Will the CofE's new totalitarianism keep Sentamu awake at night?

If this were not perverse enough, in a gigantic leap of oxymoronic policy-making, General Synod went on to vote for creating new liturgies to affirm the new gender identity of a person who has 'transitioned.' Who implored General Synod to vote for such specially designed 'liturgies' to welcome a transgender person under their new name? The uncritically accepting Sentamu, who appears to have put not Satan, but science as well as God behind him.

One brave enough to vote against him was Ed Shaw, an evangelical member of General Synod, worried not simply that no one had defined exactly it was that was to be banned under the general term 'conversion therapy,' but also that genuine pastoral care of LGBT people could be badly affected by the ban. No one else cared. No guarantees were given, no amendments considered. But will Ed Shaw's fear of the CofE's new totalitarianism keep Sentamu awake at night? Not, I fear, in a million years.
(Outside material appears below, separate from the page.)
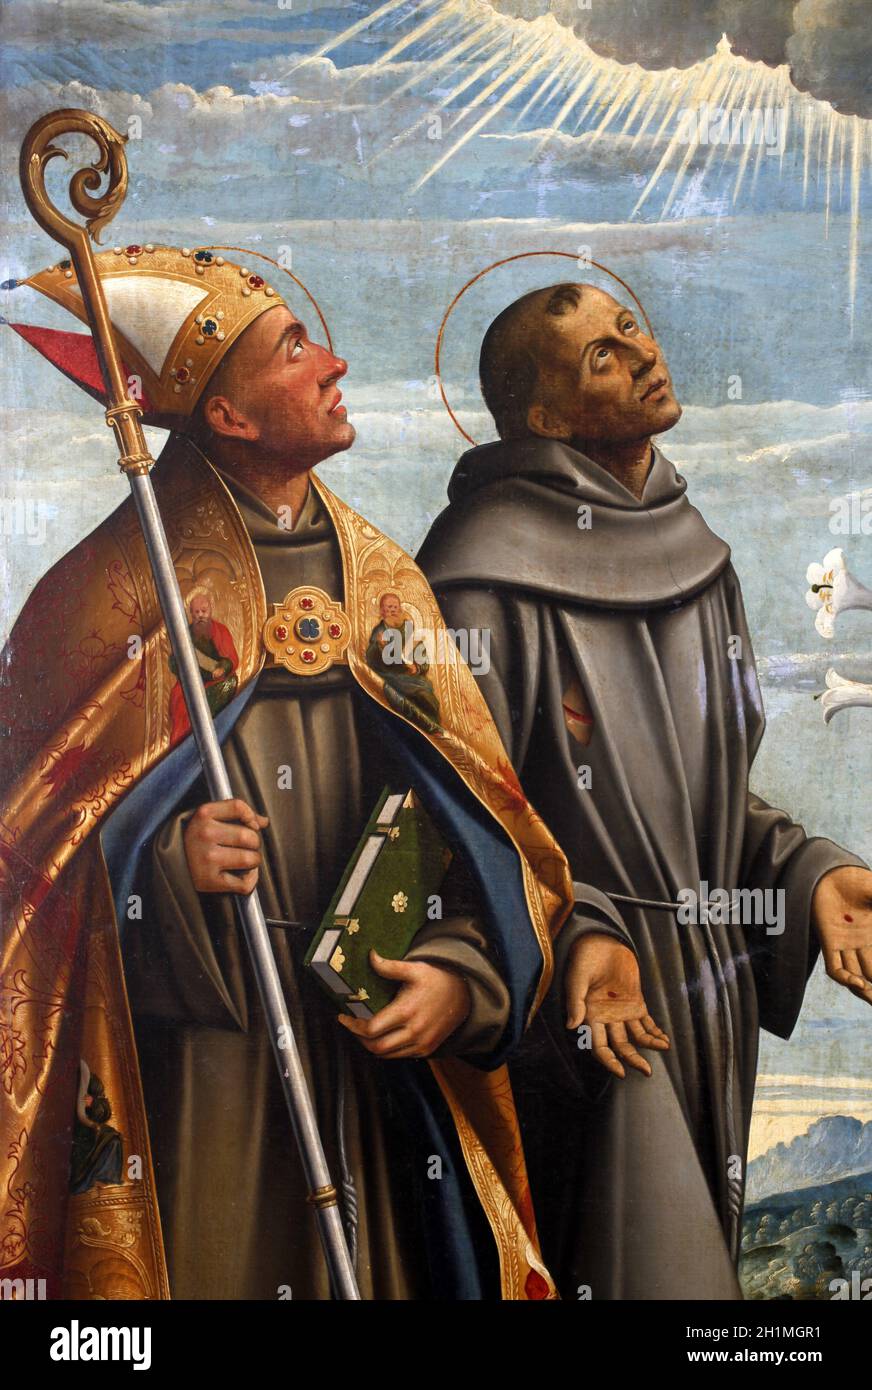 Girolamo da Santa Croce: St. Franziskus und St. Bonaventure, Altarbild Franziskanerkirche in Kosljun, Kroatien Stockfoto

Yet Sentamu has yet to tell us why the practice of conversion therapy is theologically unsound. The ploy not to define it worked magnificently. With theological illiterate dominating the House of Bishops there was no theological debate. Nor was there scientific debate, the medical condition of gender dysphoria presumably deemed irrelevant.

Just as the Holy Office issued a condemnation of Galileo's heliocentric theory in 1616, General Synod voted to condemn science and scavenge for scraps in the garbage can of the politics of identity, sexuality and gender.

Nihil desperandum! Despair not! The most important agent of Sentamu's chronic insomnia was tamed. Now the Archbuffoon of Dork can pray his Nunc Dimittis and get a good night's sleep.